DENVER (KDVR) — This winter, drivers could face tougher driving conditions due to an ongoing commercial driver shortage.

The Colorado Department of Transportation currently has 191 open “transportation maintenance specialist” positions, compared to 77 vacancies last October, according to the agency.

The position includes plowing roads in the winter, filling potholes, fixing guardrails and other road maintenance work, officials say.

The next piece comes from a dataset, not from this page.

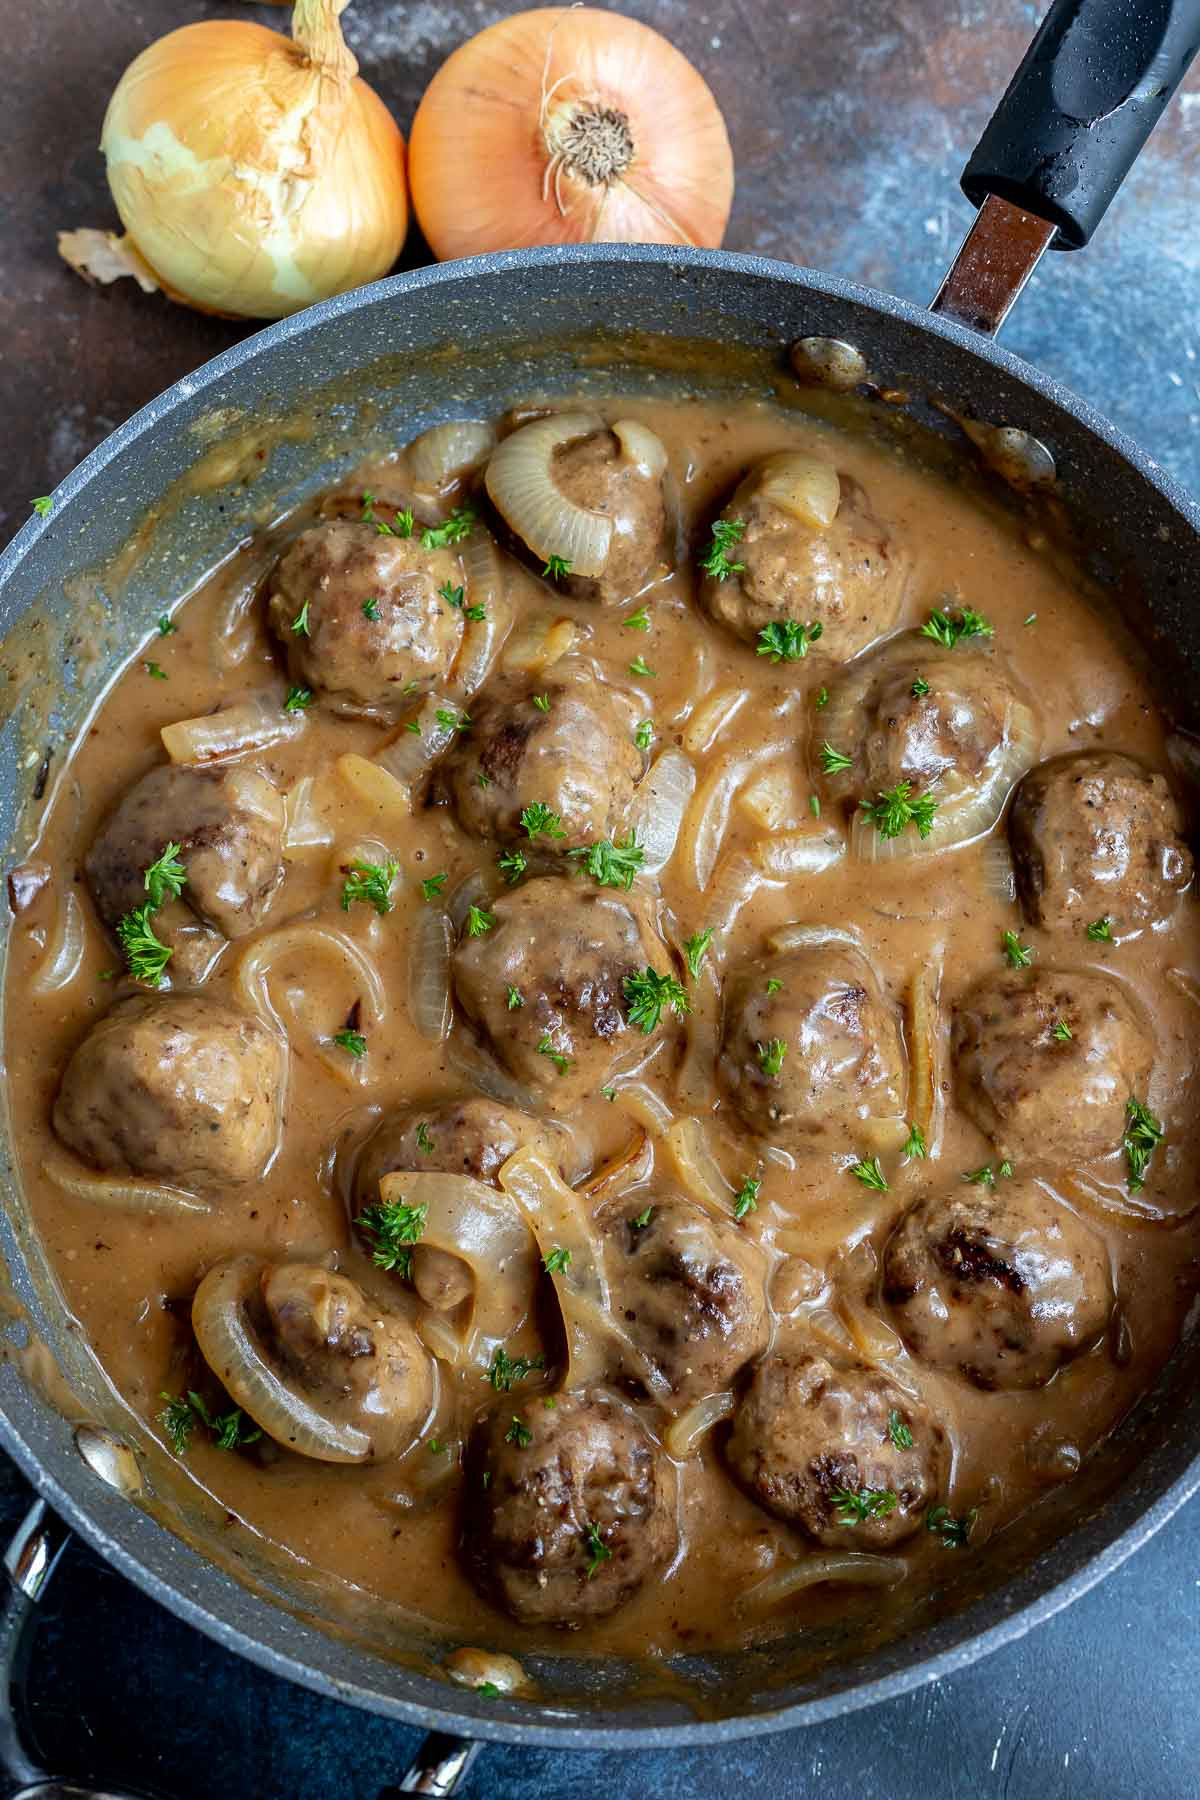 15 Amazing Meatballs Rice and Gravy

“We have shortages with our labor force throughout the state,” CDOT Communications Manager Bob Wilson said.  “It’s a situation that a lot of industries are going through, trying to hire drivers.”

CDOT stresses I-70 in the mountains and other heavily trafficked areas will take priority when it snows, however some main arteries in the metro, such as Kipling and Federal Blvd., could take longer for crews to clean up.

Highway 134 that goes over Gore Path is another stretch that will likely take longer to get according to CDOT.

“It’s difficult.  It’s a challenge,” Wilson said. “We try to give incentives to bring people on, but it’s challenging when you’re competing with other industries that also need drivers.”

CDOT has been putting on career fairs since September. The last event for this year is scheduled for Saturday in Fairplay.

CDOT offers nearly $17,000 in benefits, with a starting salary of about $40,000 annually including a 10% raise in the first year.